— Extracted data —

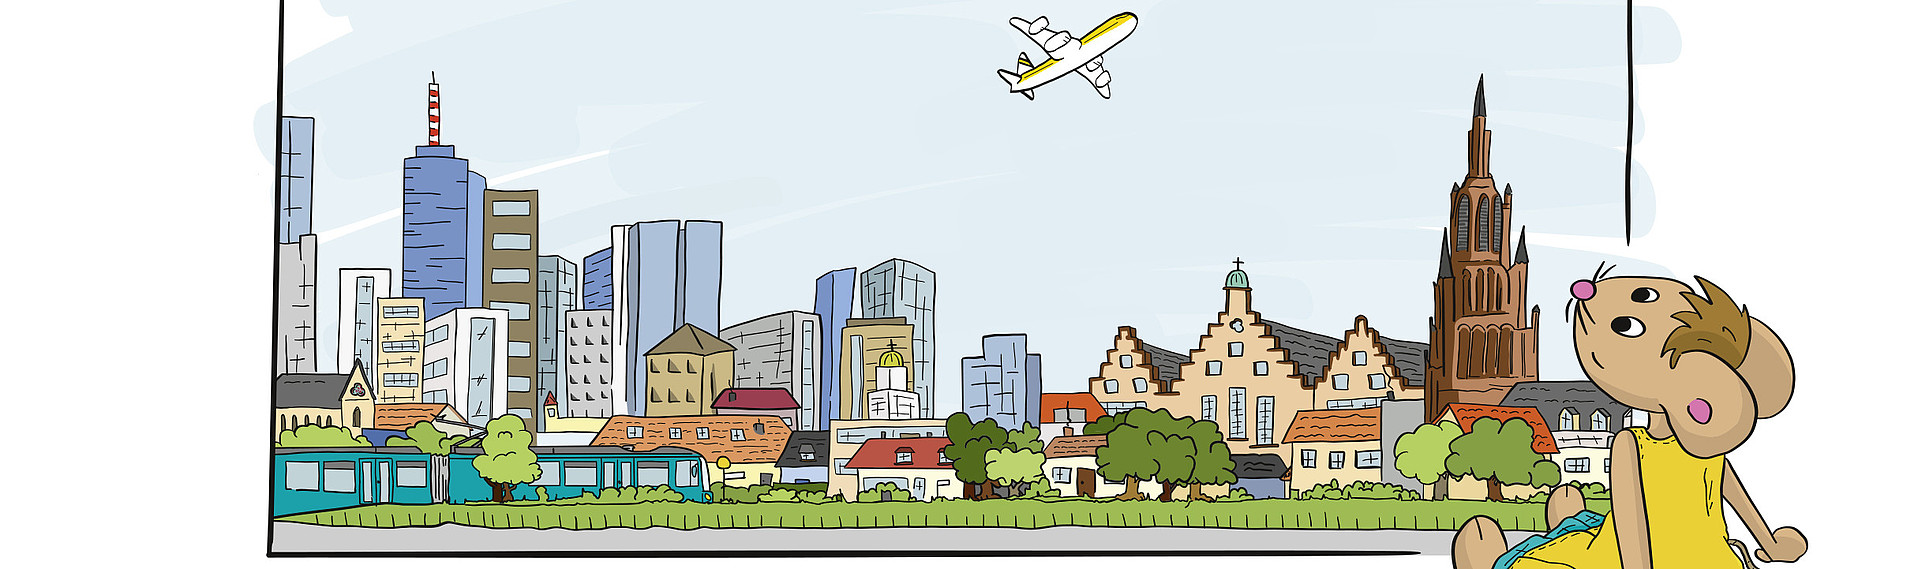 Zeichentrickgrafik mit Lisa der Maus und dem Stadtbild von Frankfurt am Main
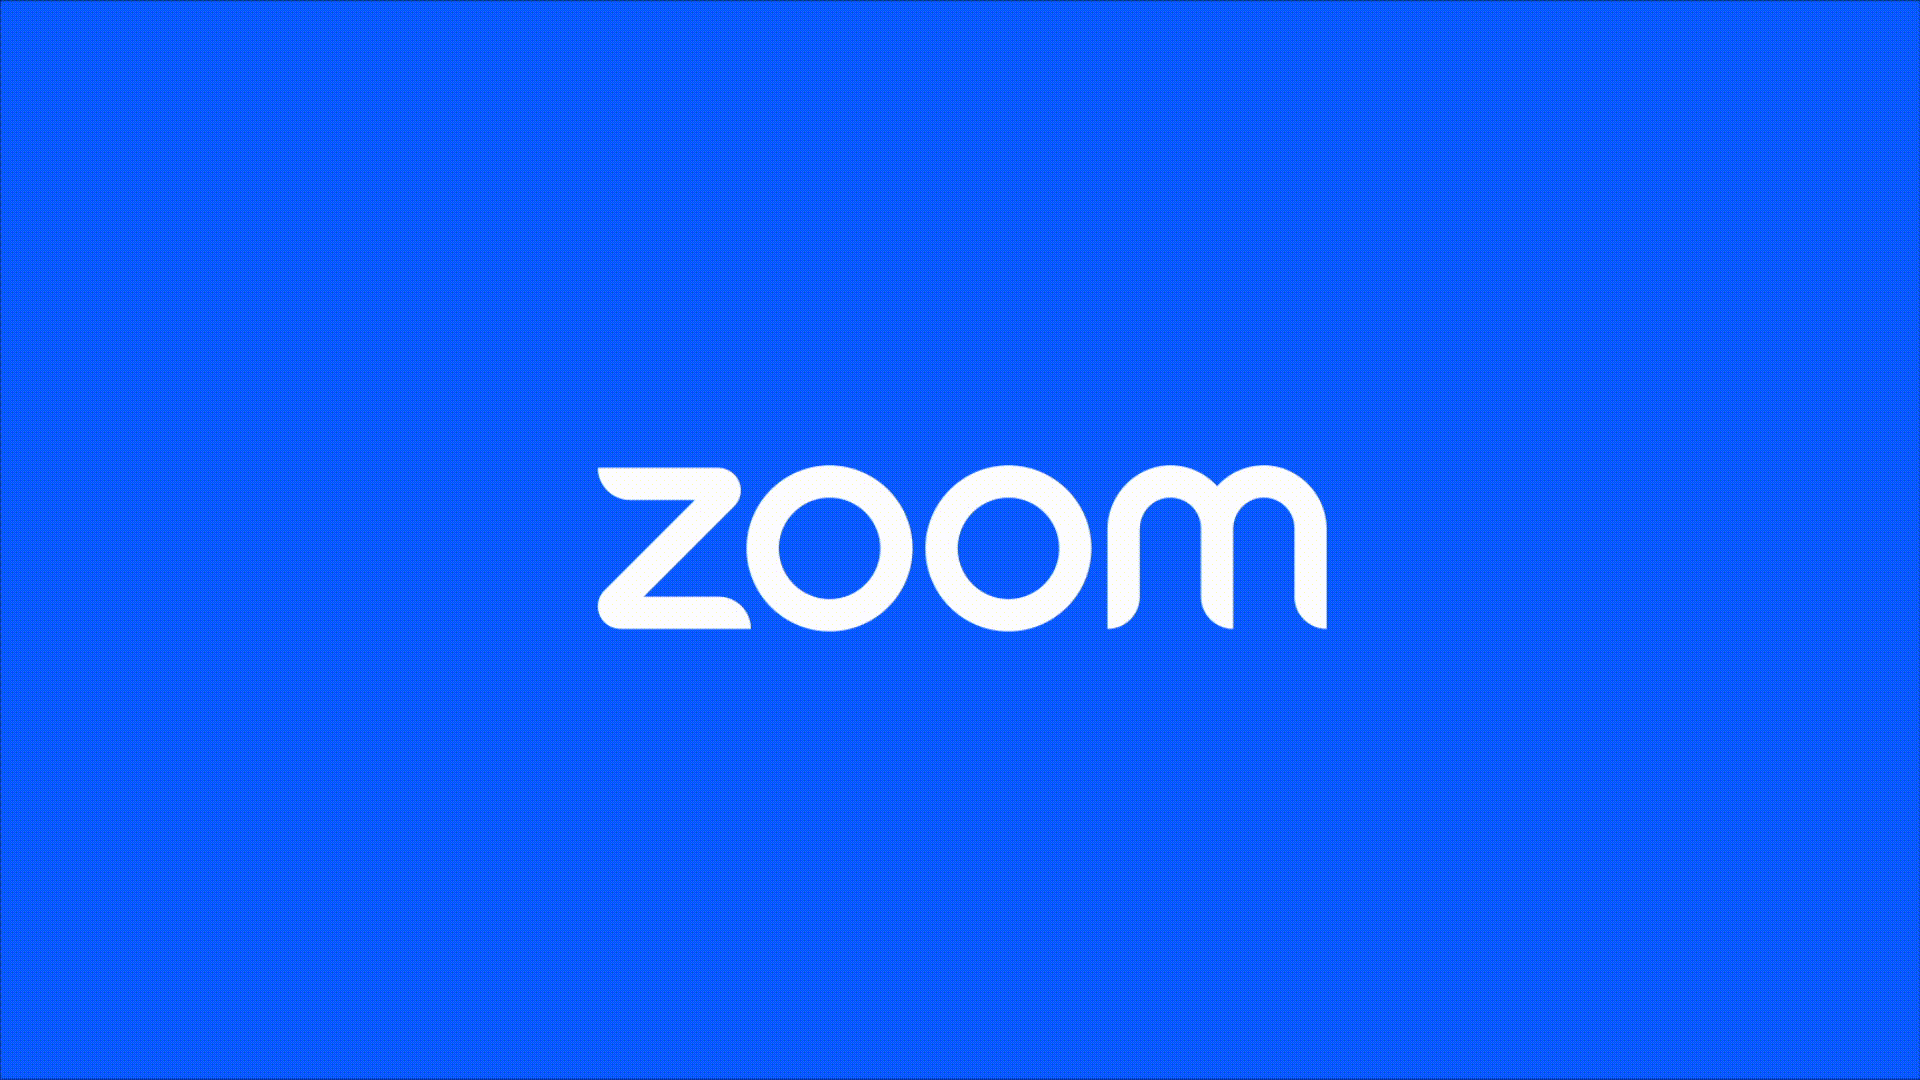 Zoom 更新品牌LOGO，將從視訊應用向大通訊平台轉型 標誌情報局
--
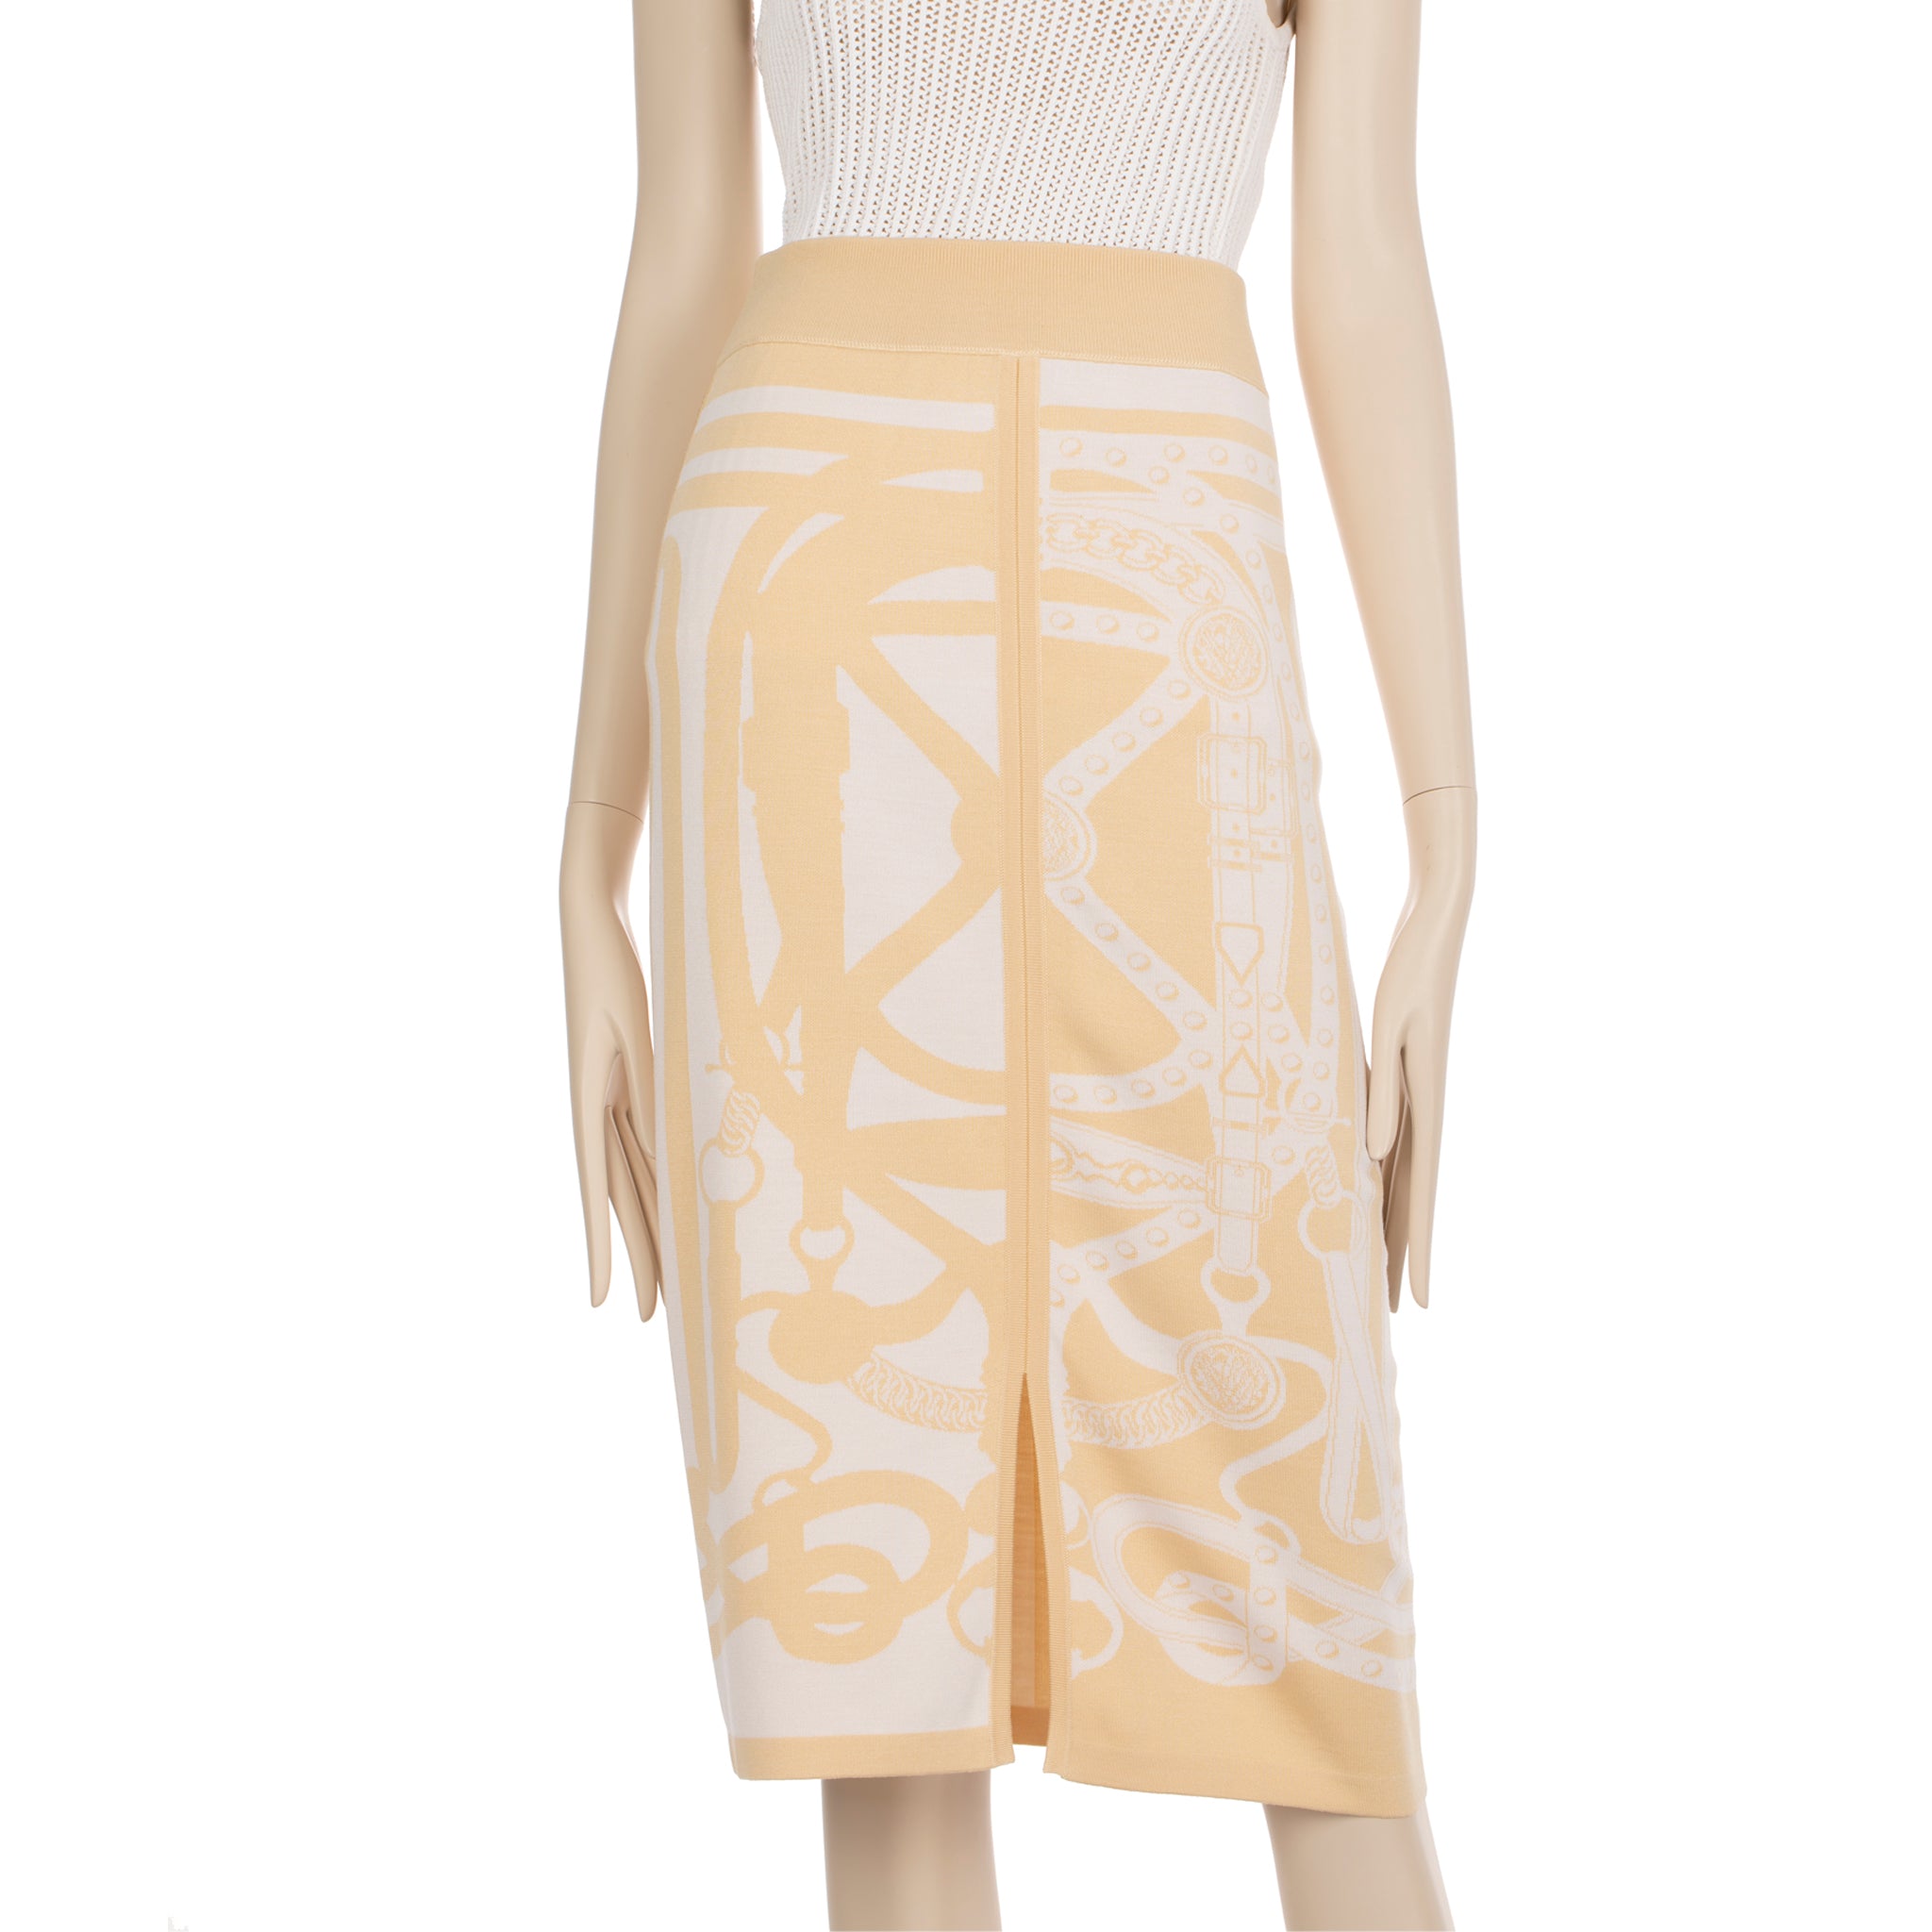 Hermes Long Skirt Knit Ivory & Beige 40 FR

— Goal of the exercise —
The reply should hold the entries above from the line with "Zeichentrickgrafik mit Lisa" to the line with "Zoom 更新品牌LOGO，將從視訊應用向大通訊平台轉型 標誌情報局", duplicated exactly, pictures excluded.

— Written reply —
 Zeichentrickgrafik mit Lisa der Maus und dem Stadtbild von Frankfurt am Main
 Zoom 更新品牌LOGO，將從視訊應用向大通訊平台轉型 標誌情報局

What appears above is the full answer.